The Child that Books Built is a memoir about books and reading, and how they shape a child’s life.  The author talks about the books he read as a kid, how he used them as an escape from finding a way to deal with his younger sister’s very serious illness.  He explores all this in the contexts of child development, cognitive psychology, and all that lot, which is really interesting too.  He talks about how he used to read books in bookstores and feel that he had stolen from the bookstores because the book would be in his head when he left; and he also says he can sometimes spend thirty minutes picking a book to read while he cleans his teeth, which is so exactly me too.  (Hooray.)

I would have liked him to talk more about more books I read as a kid, though that’s not of course his problem.  But when he was talking at length about books I read as a kid, it was fascinating.  He talked about the Narnia books and how captivating he found them, and how sensory C.S. Lewis made his world, even though Narnia wasn’t very cohesive (with the witch and the shades of the Arabian Nights and Father Christmas and slavery).  I’d never really thought about it but the descriptions of food in his books were always gorgeous – whenever I drink water that’s really good, clear, nice water (i.e., whenever I drink tap water at home, God bless my home and its clean water), I am always, always thinking about the sea water they drink at the end of Dawn Treader.  Remember that water?

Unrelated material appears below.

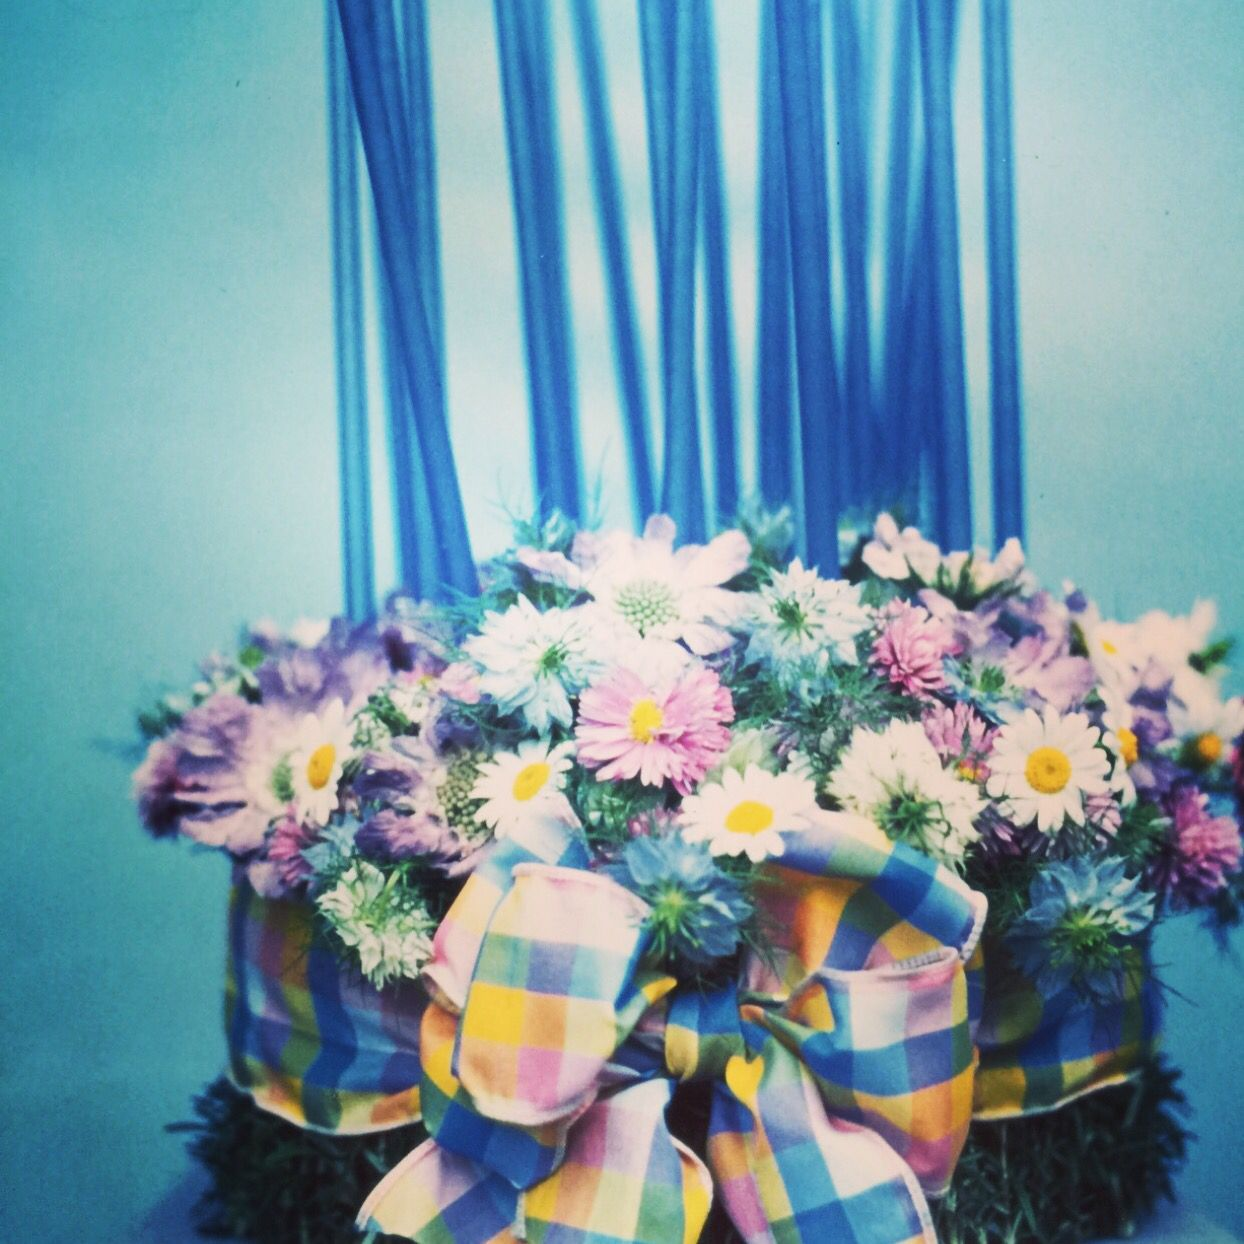 Birthday cake arrangement happybirthday floral floral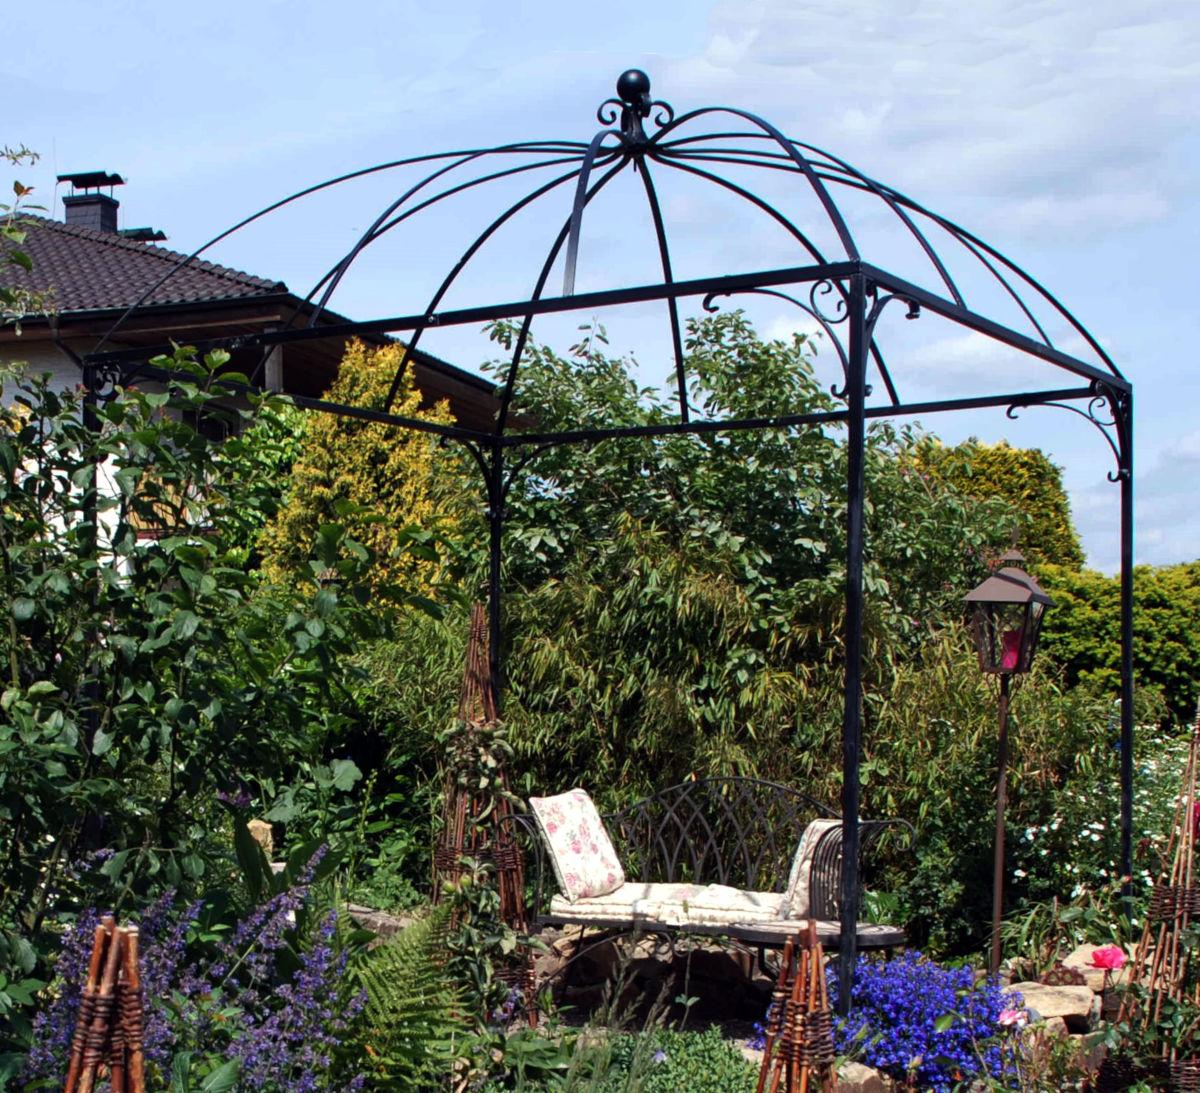 Full Size of Pavillon Metall Klein Gartenpavillon Baumarkt Toom Glas Verzinkte Gartenpavillons Aus In Vielen Ausfhrungen Regal Weiß Regale Bett Wohnzimmer Gartenpavillon Metall

Then it was also interesting when he talked about American literature.  He said he had a hard time placing America, in time as well as space, so that it was never exactly clear to him when the American books were set, how they lined up with English history.  (Oh, he also said that his town celebrated their octocentenary.  I had to go back and read that twice to make sure I hadn’t imagined it.  Octocentenary.  There is nothing in America that is celebrating its octocentenary.)  I was so interested to read about the Little House books from the perspective of a British dude.  He said a thing about how in America, individual freedom is an end in itself, not leading to something else the way (he says) it tends to be in Britain – which I’d never thought of before.  And because I haven’t read those books as an adult, I haven’t really thought about the extent to which the family puts a tremendously high premium on freedom.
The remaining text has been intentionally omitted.